Output everything in the data exactly, leaving the pictures out.

-- Data extract --
++++++++++++++++++++

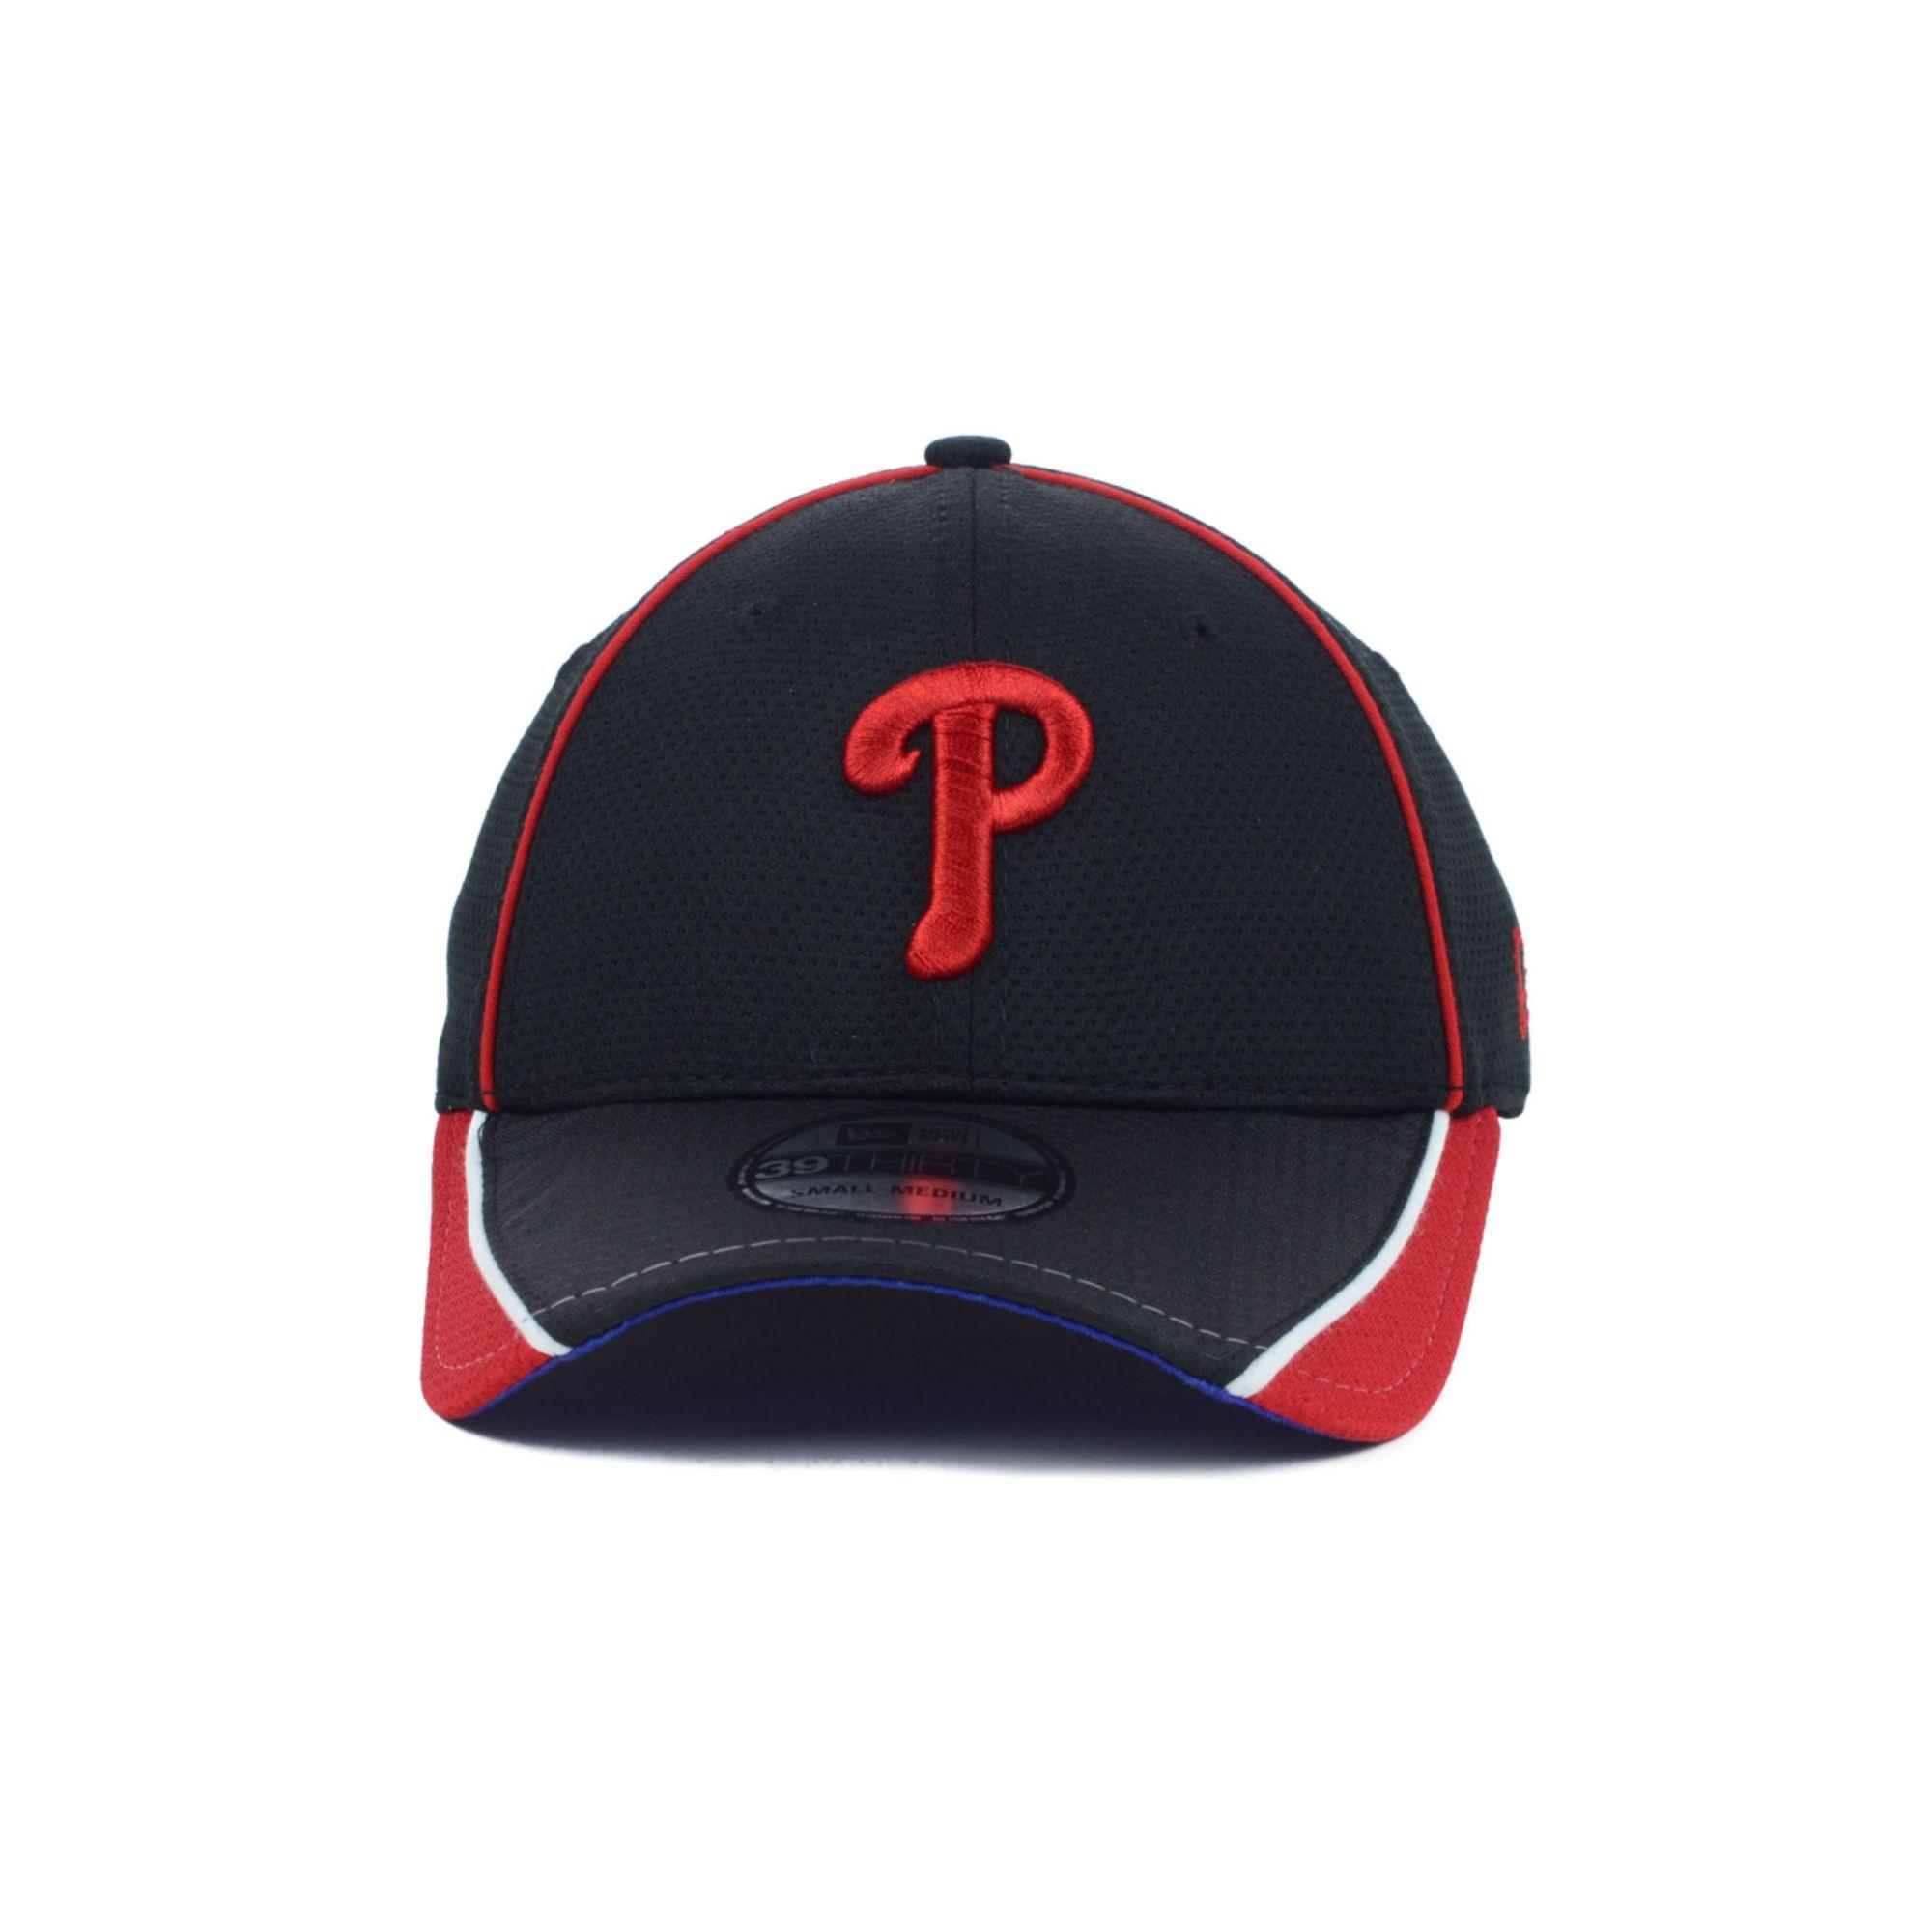 Lyst - Ktz Philadelphia Phillies Mlb Pipe Slide 39thirty Cap in Red ... f7c297ad1b5b
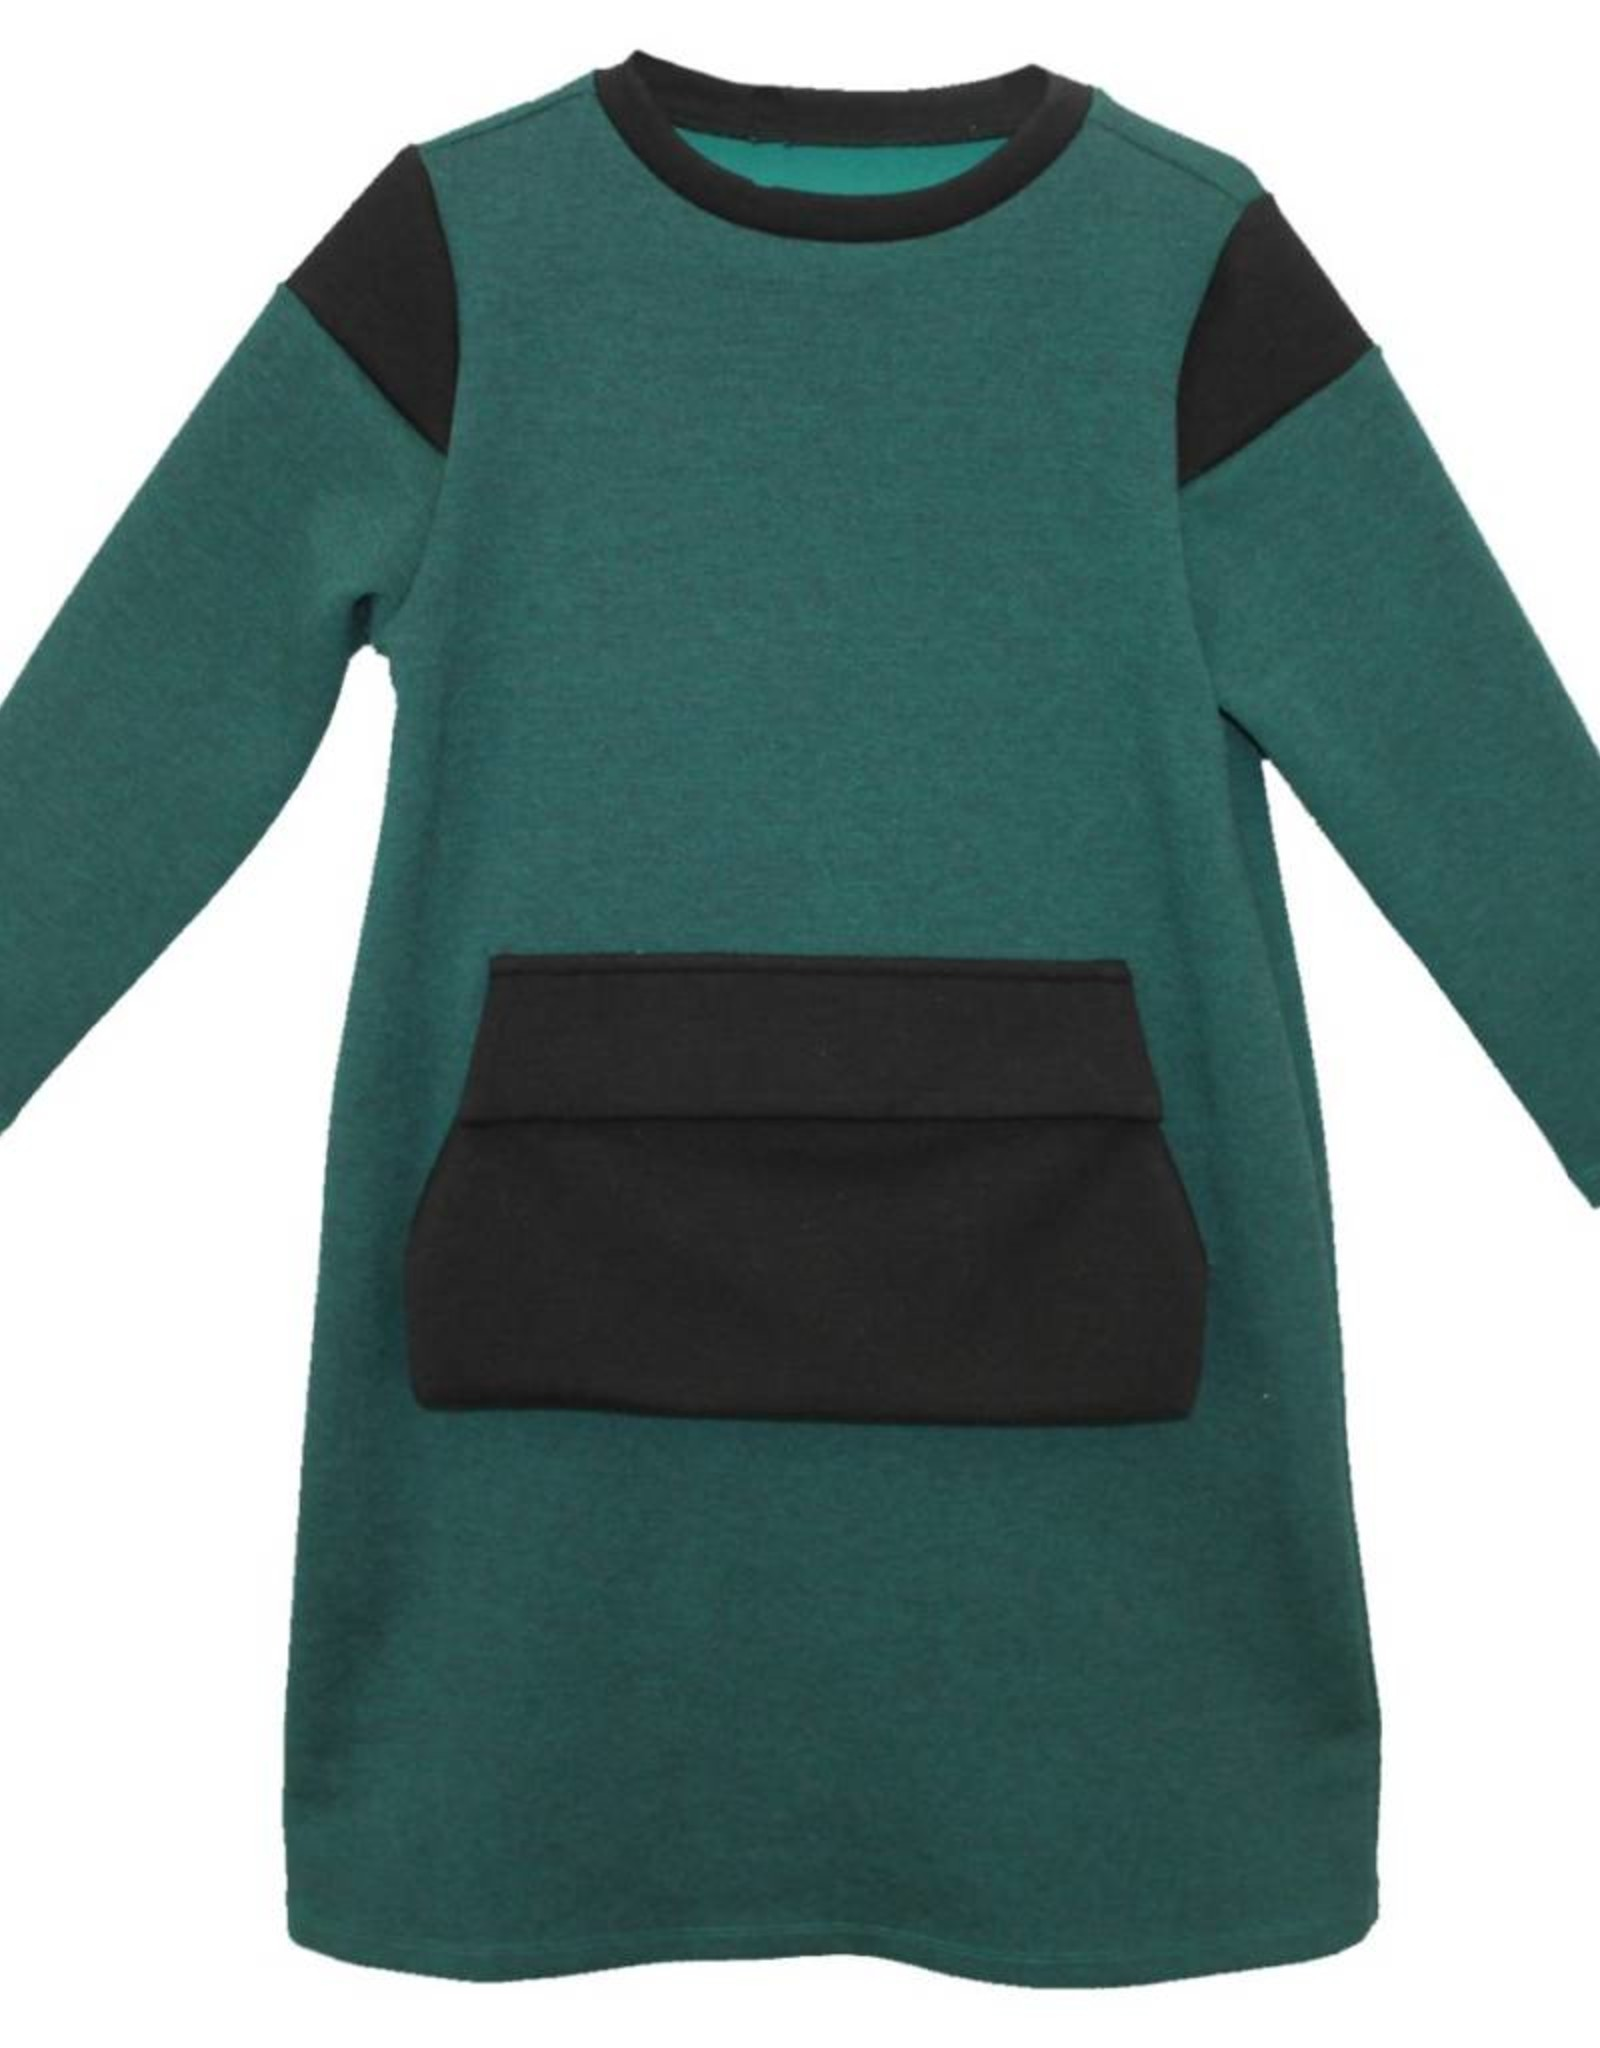 MeMe MeMe Green & Black Pocket Dress
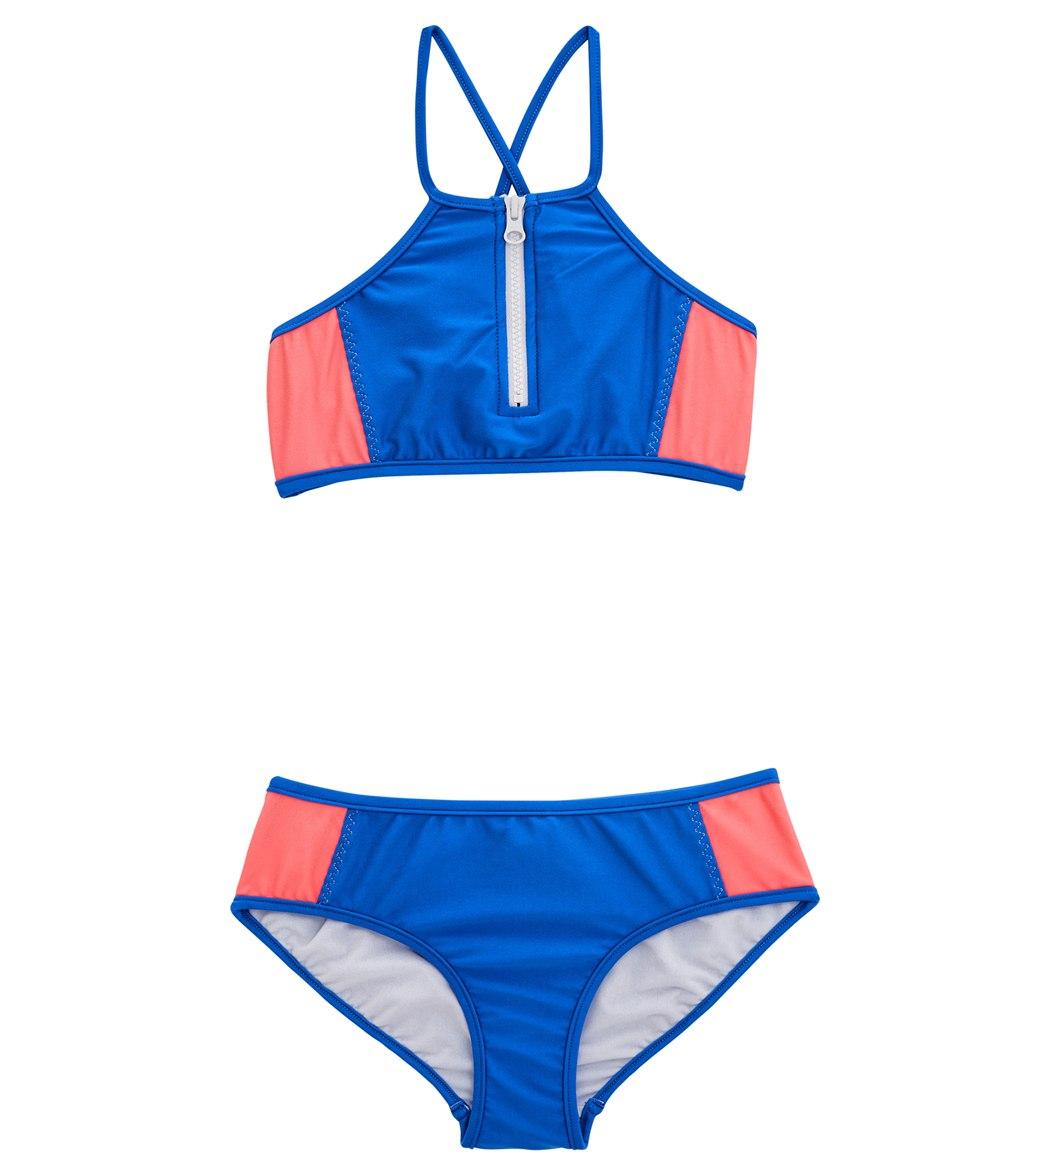 01c412eddccc8 Seafolly Girls' Summer Essentials Colour Blocked Tankini Set (Big Kid) at  SwimOutlet.com

++++++++++++++++++++

-- Answer section --
 Lyst - Ktz Philadelphia Phillies Mlb Pipe Slide 39thirty Cap in Red ... f7c297ad1b5b
 MeMe MeMe Green & Black Pocket Dress
 01c412eddccc8 Seafolly Girls' Summer Essentials Colour Blocked Tankini Set (Big Kid) at  SwimOutlet.com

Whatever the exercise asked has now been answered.